|English Language Teaching On-Line|
In this paper, I will endeavor to assess both the quality and effectiveness of the 1992 New Jersey Grade 8 Early Warning Test. This effort will begin with a brief discussion of the advantages and disadvantages of standardized tests as a means of assessment, followed by a description of the criteria selected for use in this analysis and the rationale for their selection. The test itself will then be discussed within the context of a rubric which has been specifically designed for the purpose of this analysis, and which employs the above-mentioned criteria. Finally, the conclusions drawn regarding the NJEWT will be generalized in a critique of standardized tests in general.
The use of standardized tests began in the nineteenth century, though this type of testing did not become widespread in the United States until the early part of the twentieth century. Initially, the primary focus of standardized testing was the measure of general intelligence, or IQ. However, by the 1950's, tests were being developed to assess student level and progress in an effort to improve the quality and effectiveness of educational services delivered at that time. Today, these tests are used in a great variety of ways, though their validity and reliability remain a source of discussion and controversy.
Advantages & Disadvantages
Clearly, standardized tests possess advantages for educators. For the most part, these advantages lay in the mechanics of the tests, as the validity of the instruments depends heavily on the form, manner, content, and administration of the tests themselves. Among these advantages are: objectivity - though the question of validity may be raised in this connection; ease of scoring - be it by machine or by professional interraters using scoring rubrics; ease of administration - as seen in the uniform delivery of tests via proctors; ease of information collection on a large scale - whether local, state-wide, or national; and, the ease with which scoring information gathered might be compared across sample groups.
However, there also appear to be distinct disadvantages in the use of standardized tests. Factors that could potentially impact the validity of the tests are the primary cause of concern among educators, parents, and students alike, as the results of these tests often influence the development of educational programs. Among these disadvantages are: the possible influence of bias - be it cultural, socio-economic, ethnic, gender (sexual), racial, or a combination of the above; the difficulty of assessing overall student abilities - standardized tests, traditionally, do not allow for performance-based assessment; the limitations placed on student creativity; the length of the tests and lack of variety in the questions; and, the loss of class time as some teachers spend days or weeks "studying to" or preparing students for the tests.
Criteria & Analysis
In this analysis of the 1992 New Jersey Grade 8 Early Warning Test (NJEWT), I have chosen four criteria, assembled into a scoring rubric identifying those points under each criterion which might be met to a relatively greater or lesser degree, by which I will attempt to assess the test in question. These criteria were selected as I believe them to be relevant measures regarding the quality of the test as an assessment tool, and are: Adequacy - the quality of the procedures and manner of presentation; Impact - success of the instrument in meeting its stated goals; Reliability - consistency and repeatability of outcomes across time-frames and sample groups; and, Validity - alignment of the assessment tool with the objectives of the assessment.

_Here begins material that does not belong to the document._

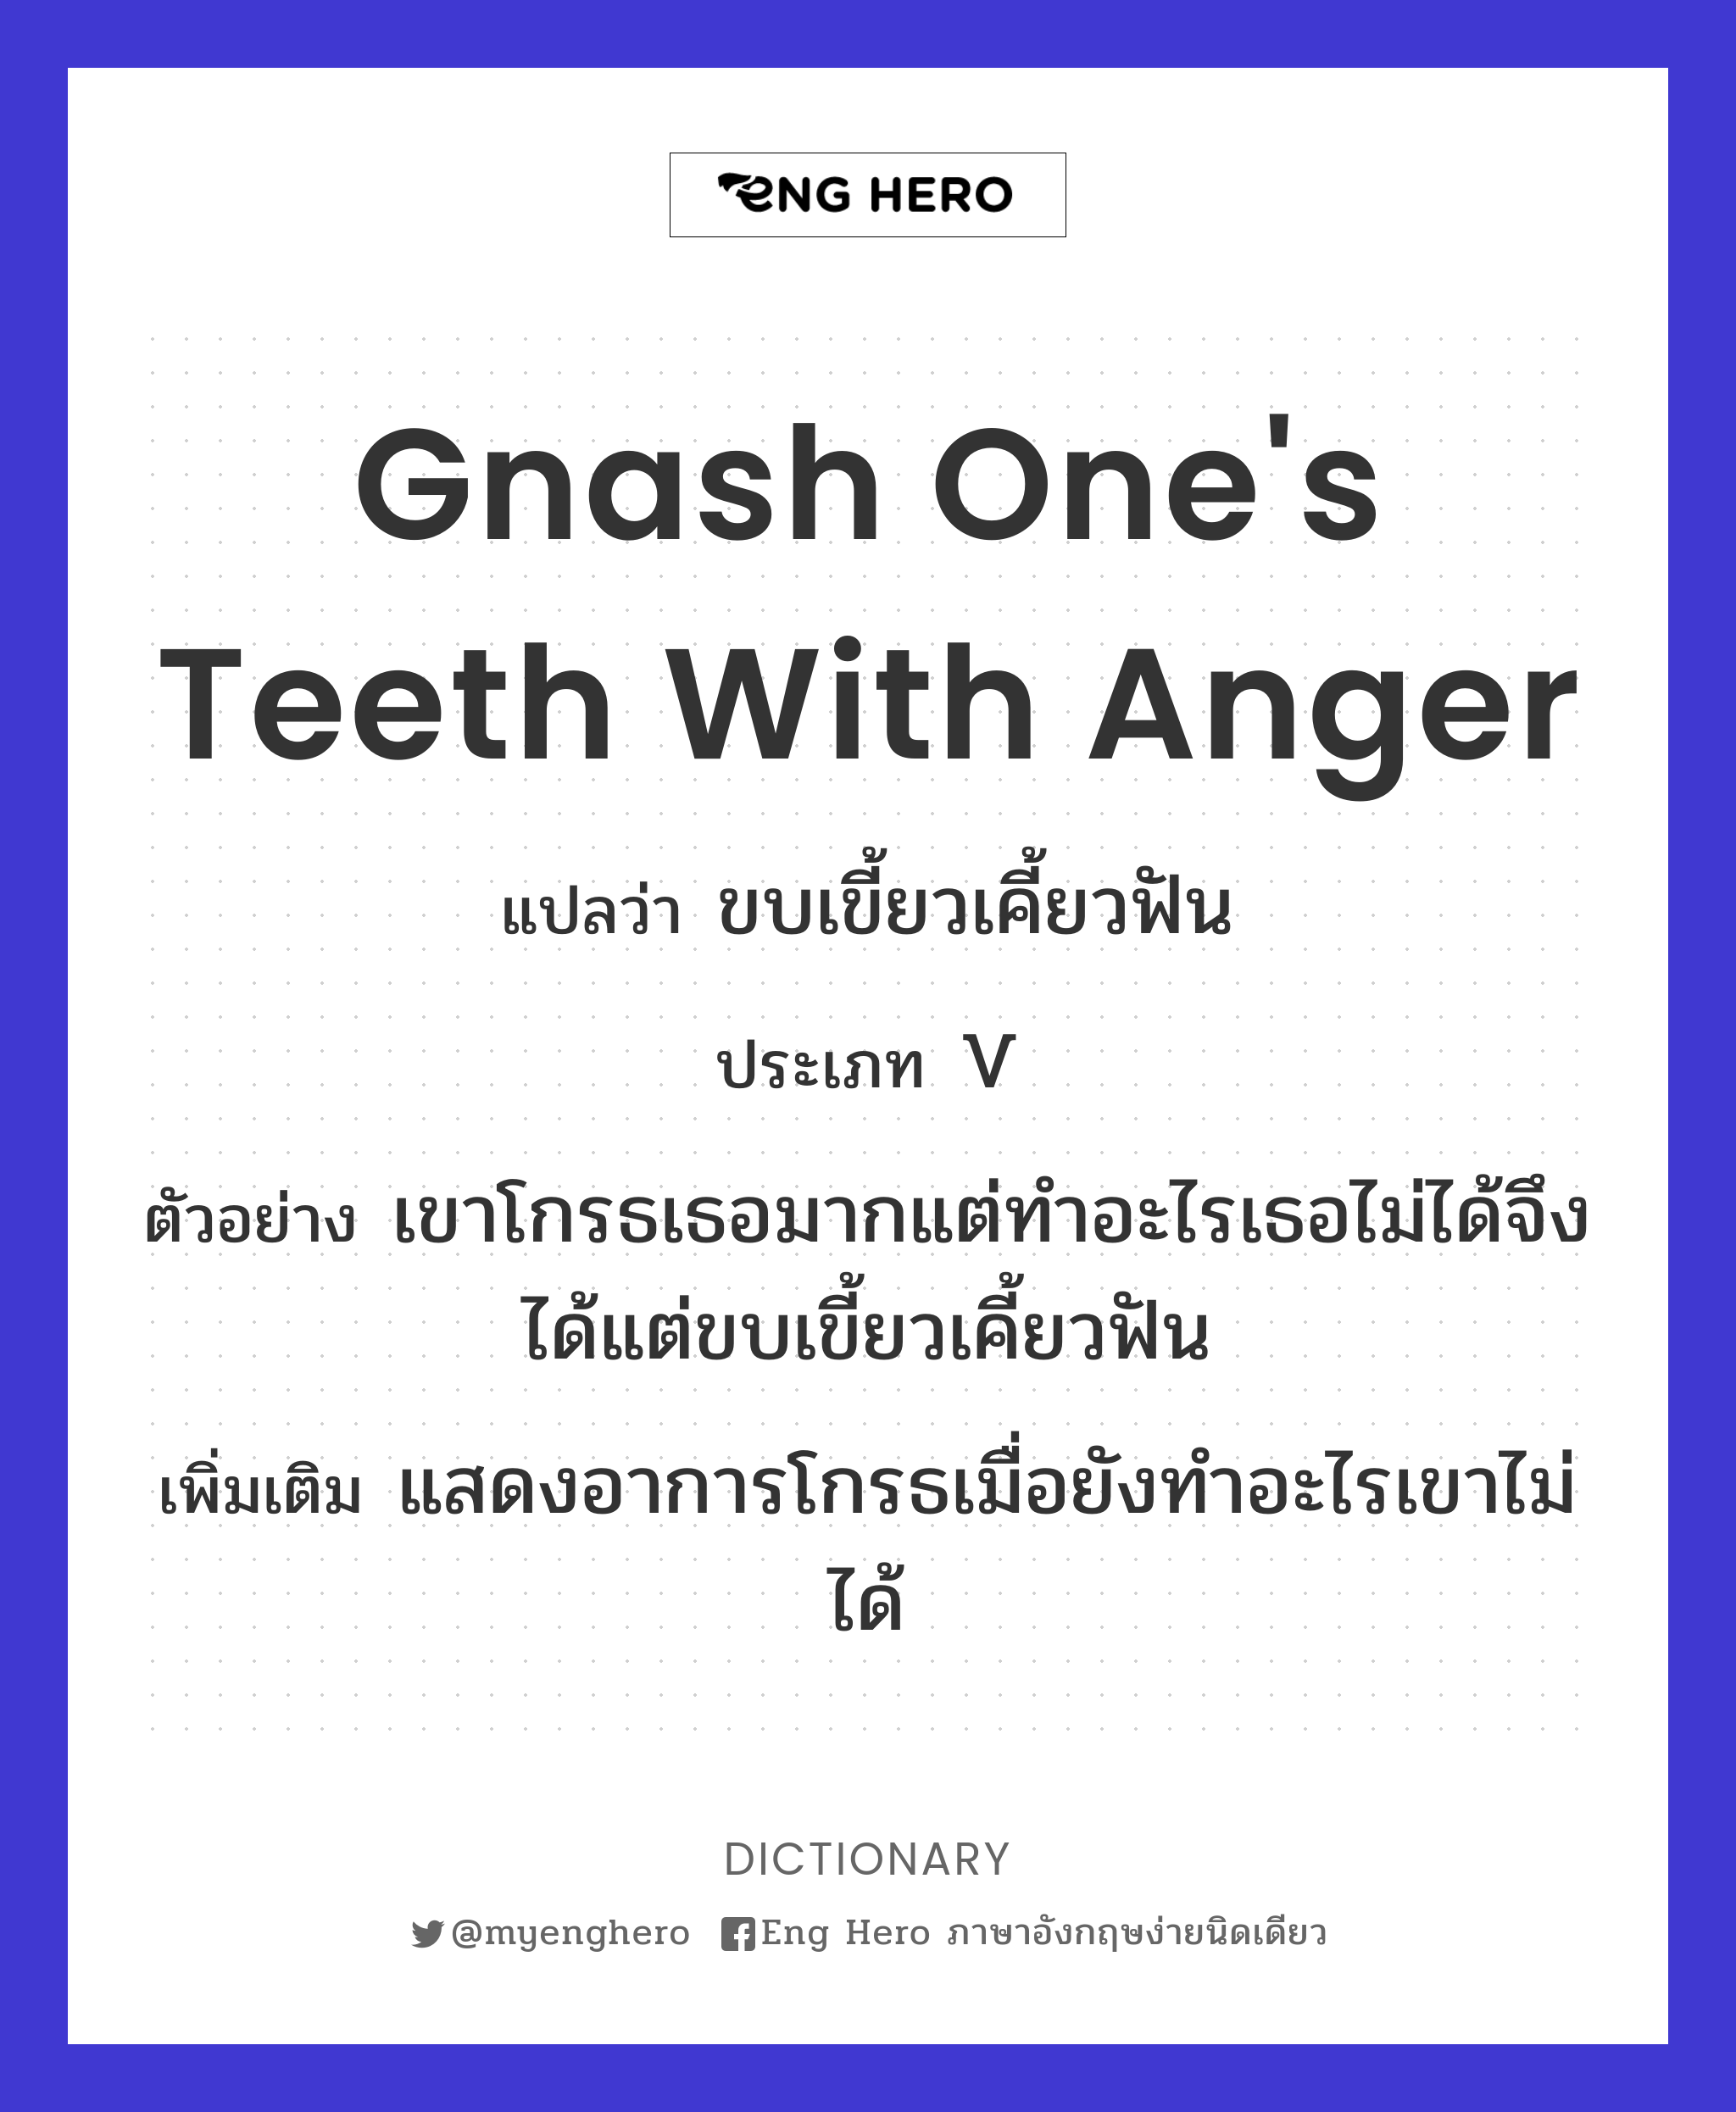 gnash one's teeth with anger

The 1992 New Jersey Grade 8 Early Warning Test is divided into three sections: writing, reading, and mathematics. Each of these sections is of the same approximate length as the others, and the majority of questions are in multiple choice format. Interestingly, the writing section requires students to compose only a single essay, the rest of the test items in that section being primarily multiple choice questions; the reading section, on the other hand, contains numerous opportunities for students to display their writing ability, and the math section allows for written explanations of the ways in which students have arrived at their answers. Based on these observations, it appears that the first thing which must be considered in analyzing the NJEWT is the question of validity - whether or not the test actually tests what it is intended to test.
In fact, insofar as the writing section primarily consists of a series of letters which students are to read, correcting perceived deficiencies by selecting from a list of possible alternatives, it seems that this section is in reality more a test of reading comprehension than it is of writing. In this section, following the initial writing prompt, students do not do any actual writing; they do, however, make choices based on their understanding of the statement in question as to how it might be improved or made more clear. Fixing someone else's sentence by making a selection from a predetermined list is not writing, but it does require that students have an understanding of the meaning of the sentence that they are being asked to improve. Therefore, as it appears clear that this section tests reading ability more than it does writing skill, the validity of any information gathered through the use of this test regarding writing must be considered highly suspect.
The quality of information provided by the reading section of the NJEWT must also be brought into question, though to a lesser degree than that of the writing section. This section is structured as a series of written pieces representing a variety of genres (fiction, non-fiction, epistolary), each followed by a number of multiple choice questions intended to assess levels of student comprehension and retention regarding that particular piece. While multiple choice questions are an appropriate means by which to measure these abilities, the design of the test falters in that an essay component is included after each of the multiple choice sections.
Essays, by their very nature, provide students with the opportunity to showcase their writing skills. Placed within the context of the writing section of the NJEWT, essays are a potentially effective means by which the quality of student writing might be assessed. However, the essays contained in the reading section of the NJEWT, scored using the New Jersey Registered Holistic Scoring Rubric, are wholly unsuited to the task of assessing student reading ability. Because the inclusion of an essay component indicates that skills unrelated to reading are being assessed, the validity of any results collected concerning this section must be viewed as questionable.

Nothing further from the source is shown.